Excellent review! I am still looking for something in the epic category. I have Albion One, which is great for "emotional" and sort of middle dynamic territory. And I've considered saving up for Metropolis Ark 1. I don't know what to do... AHHHHH!!! (Thanks again for your review!)


----------



## EanS (Jul 20, 2022)

jesussaddle said:


> Excellent review! I am still looking for something in the epic category. I have Albion One, which is great for "emotional" and sort of middle dynamic territory.

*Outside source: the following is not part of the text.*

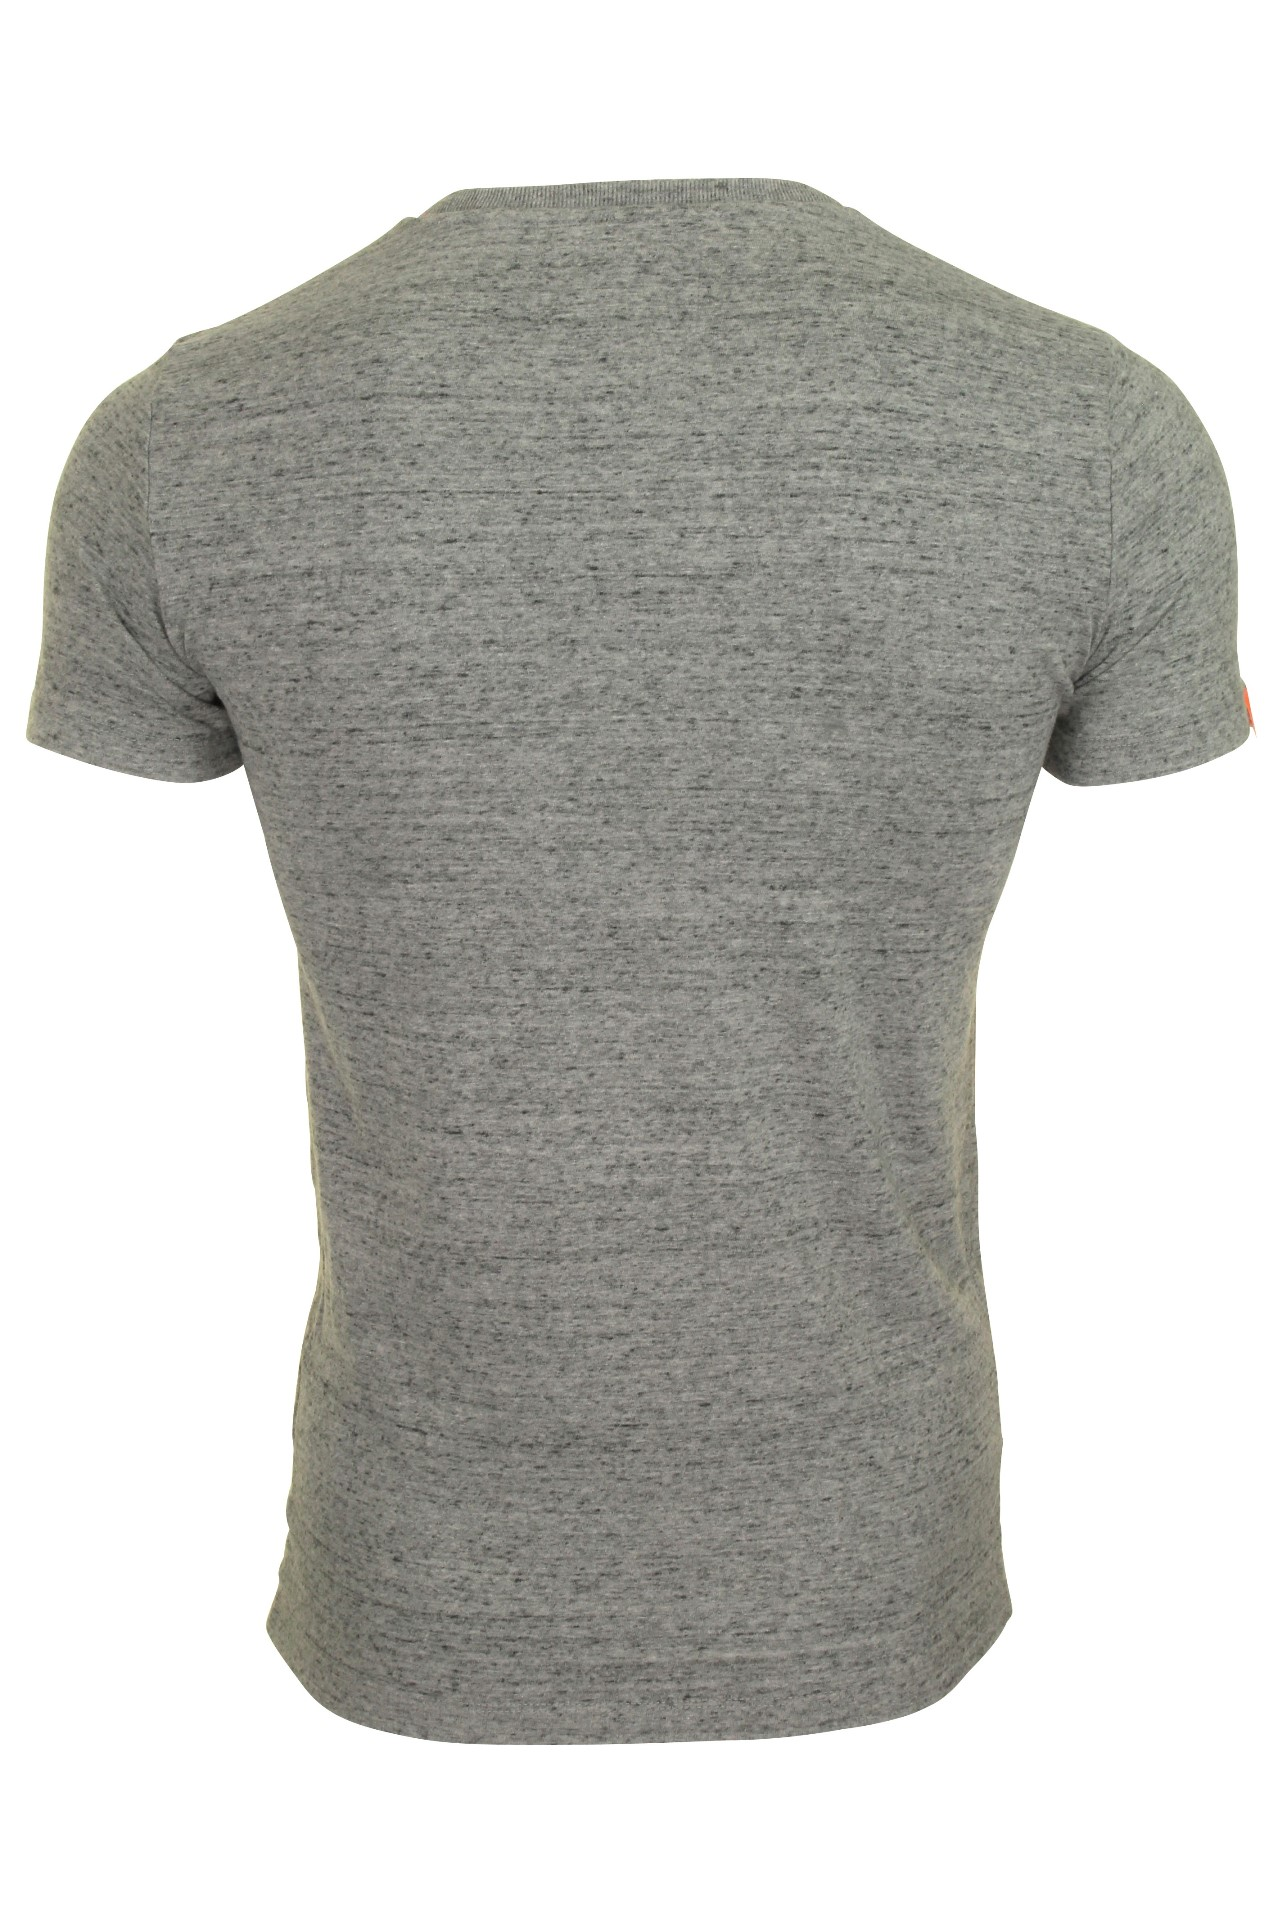 Camisa-Para-Hombres-039-Orange-Label-Vintage-de-039-Cuello-Redondo-Camiseta miniatura 11

And I've considered saving up for Metropolis Ark 1. I don't know what to do... AHHHHH!!! (Thanks again for your review!)


Majestica is quite limited in Articulations (5 to 7), and there'll always be the huge sound. I read someone not quite happy when they upgraded to 8W which is Majestica + Spot mics (not available now, don't know in the future) where even a spot mic soloed sounded "big", that's because you can't fit 60 Brass musicians in a living room. So beware that "epic" may wear you out pretty quickly and there you are, stuck. Price is great though.

I made a quick "out of the box" mockup from Bettelejuice exaggerating on the spot mics. Meaning turned off Mix and just used spots way up, plus Decca + Wide.

View attachment Beetlejuice2.mp3



Piano is Sampletekk' s Black Grand & Main Percussion is VSL's Kontakt stock library, the Timpani Tutti bridge is Majestica. I didn't use all Majestica percussion because it was too much and mapping was different. Only thing added in the mix is SSL Bus Comp, otherwise I'd be fighting with clipping all the time.


----------



## Laurin Lenschow (Jul 21, 2022)

jesussaddle said:


> Excellent review! I am still looking for something in the epic category. I have Albion One, which is great for "emotional" and sort of middle dynamic territory. And I've considered saving up for Metropolis Ark 1. I don't know what to do... AHHHHH!!! (Thanks again for your review!)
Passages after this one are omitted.